Patchwork KVM: PPC: elide struct thread_struct instances from stack

login
register
mail settings
Submitter Andreas Schwab
Date May 31, 2010, 7:59 p.m.
Message ID <m26323onam.fsf@igel.home>
Download mbox | patch
Permalink /patch/54131/
State Not Applicable
Headers show

Comments

Andreas Schwab - May 31, 2010, 7:59 p.m.
Instead of instantiating a whole thread_struct on the stack use only the
required parts of it.

Signed-off-by: Andreas Schwab <schwab@linux-m68k.org>
Tested-by: Alexander Graf <agraf@suse.de>
---
 arch/powerpc/include/asm/kvm_fpu.h       |   27 +++++----
 arch/powerpc/kernel/ppc_ksyms.c          |    4 -
 arch/powerpc/kvm/book3s.c                |   49 +++++++++-------
 arch/powerpc/kvm/book3s_paired_singles.c |   94 ++++++++++++------------------
 arch/powerpc/kvm/fpu.S                   |   18 ++++++
 5 files changed, 97 insertions(+), 95 deletions(-)
Alexander Graf - May 31, 2010, 8 p.m.
On 31.05.2010, at 21:59, Andreas Schwab wrote:

> Instead of instantiating a whole thread_struct on the stack use only the
> required parts of it.
> 
> Signed-off-by: Andreas Schwab <schwab@linux-m68k.org>
> Tested-by: Alexander Graf <agraf@suse.de>

Avi or Marcelo, please pull this in through kvm.git.

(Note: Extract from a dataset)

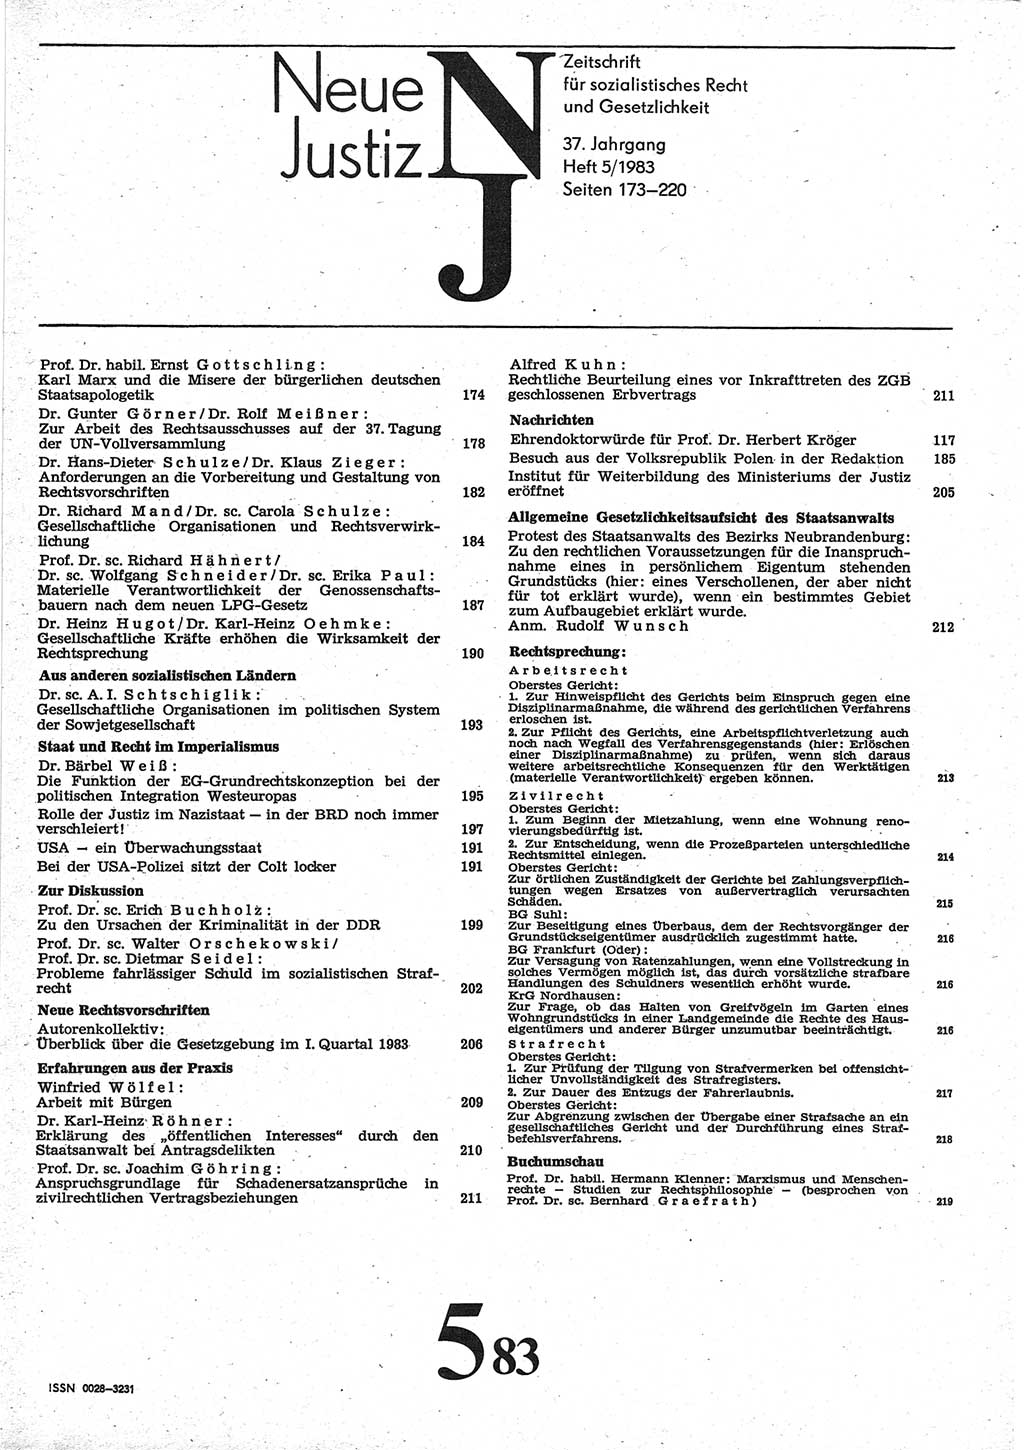 Neue Justiz (NJ), Zeitschrift für sozialistisches Recht und Gesetzlichkeit [Deutsche Demokratische Republik (DDR)], 37. Jahrgang 1983, Seite 173 (NJ DDR 1983, S. 173)
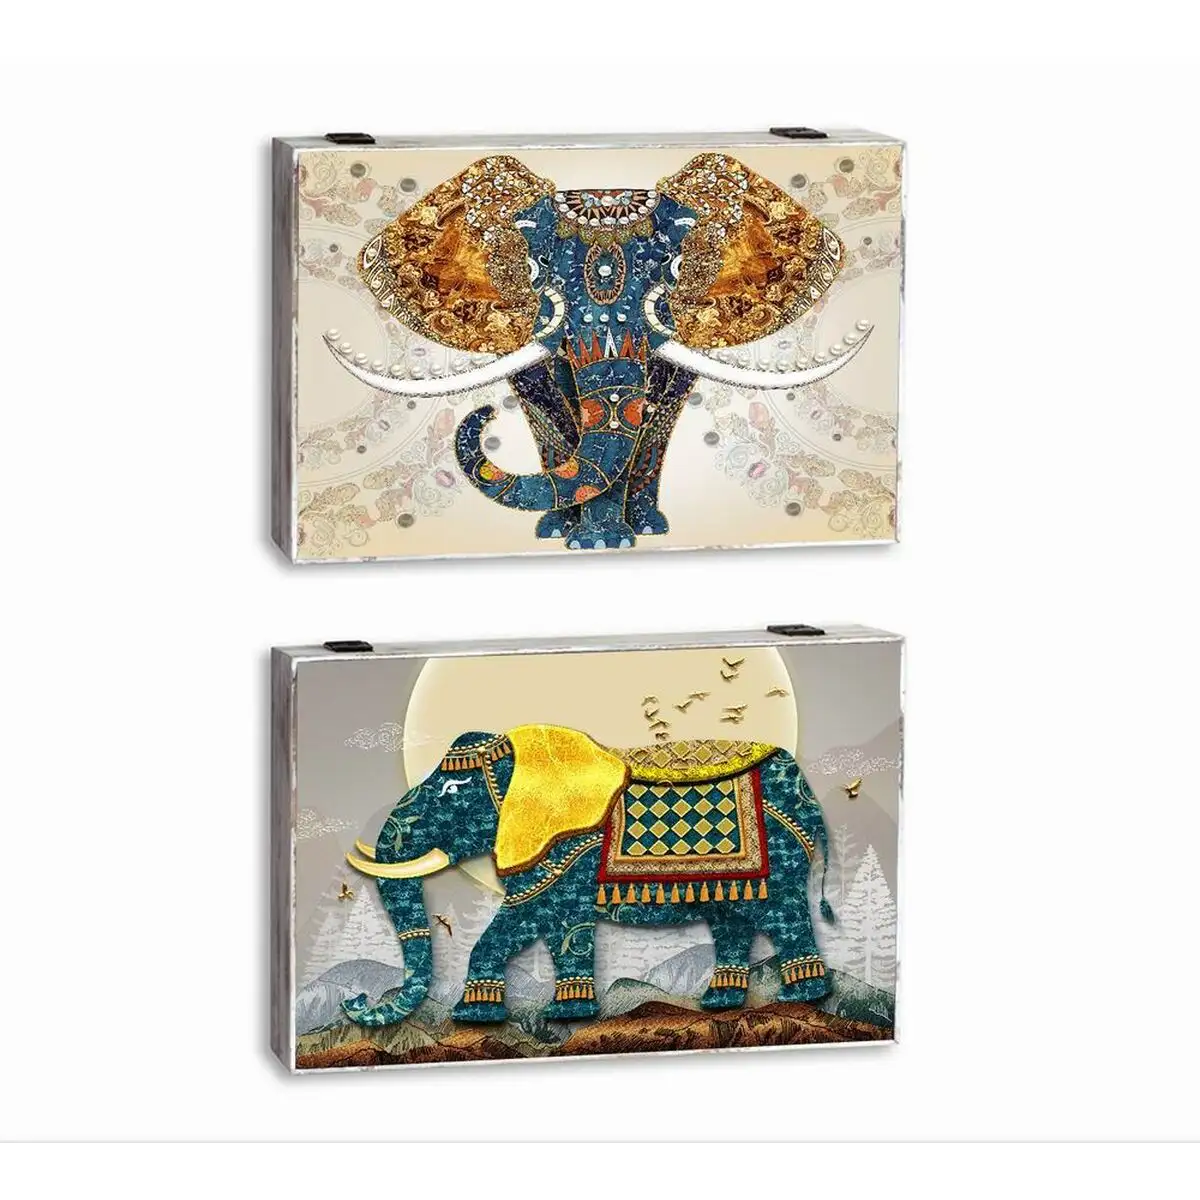 Couvercle dkd home decor compteur elephant turquoise bois mdf 2 unites 46 5 x 6 x 31 5 cm_1516. DIAYTAR SENEGAL - Où Choisir Devient une Expression de Soi. Découvrez notre boutique en ligne et trouvez des articles qui révèlent votre personnalité et votre style.

Signed-off-by: Alexander Graf <agraf@suse.de>


Alex
Paul Mackerras - May 31, 2010, 10:40 p.m.
On Mon, May 31, 2010 at 09:59:13PM +0200, Andreas Schwab wrote:

> Instead of instantiating a whole thread_struct on the stack use only the
> required parts of it.

...

> +_GLOBAL(kvm_cvt_fd)
> +	lfd	0,0(r5)			/* load up fpscr value */
> +	MTFSF_L(0)
> +	lfs	0,0(r3)
> +	stfd	0,0(r4)
> +	mffs	0
> +	stfd	0,0(r5)			/* save new fpscr value */
> +	blr
> +
> +_GLOBAL(kvm_cvt_df)
> +	lfd	0,0(r5)			/* load up fpscr value */
> +	MTFSF_L(0)
> +	lfd	0,0(r3)
> +	stfs	0,0(r4)
> +	mffs	0
> +	stfd	0,0(r5)			/* save new fpscr value */
> +	blr

I re-read the relevant part of the PowerPC architecture spec
yesterday, and it seems pretty clear that the FPSCR doesn't affect the
behaviour of lfs and stfs, and is not affected by them.  So in fact 4
out of the 7 instructions in each of those procedures are unnecessary
(and similarly for the cvt_fd/df used in the alignment fixup code).

Paul.
Alexander Graf - May 31, 2010, 11:27 p.m.
On 01.06.2010, at 00:40, Paul Mackerras wrote:

> On Mon, May 31, 2010 at 09:59:13PM +0200, Andreas Schwab wrote:
> 
>> Instead of instantiating a whole thread_struct on the stack use only the
>> required parts of it.
> 
> ...
> 
>> +_GLOBAL(kvm_cvt_fd)
>> +	lfd	0,0(r5)			/* load up fpscr value */
>> +	MTFSF_L(0)
>> +	lfs	0,0(r3)
>> +	stfd	0,0(r4)
>> +	mffs	0
>> +	stfd	0,0(r5)			/* save new fpscr value */
>> +	blr
>> +
>> +_GLOBAL(kvm_cvt_df)
>> +	lfd	0,0(r5)			/* load up fpscr value */
>> +	MTFSF_L(0)
>> +	lfd	0,0(r3)
>> +	stfs	0,0(r4)
>> +	mffs	0
>> +	stfd	0,0(r5)			/* save new fpscr value */
>> +	blr
> 
> I re-read the relevant part of the PowerPC architecture spec
> yesterday, and it seems pretty clear that the FPSCR doesn't affect the
> behaviour of lfs and stfs, and is not affected by them.  So in fact 4
> out of the 7 instructions in each of those procedures are unnecessary
> (and similarly for the cvt_fd/df used in the alignment fixup code).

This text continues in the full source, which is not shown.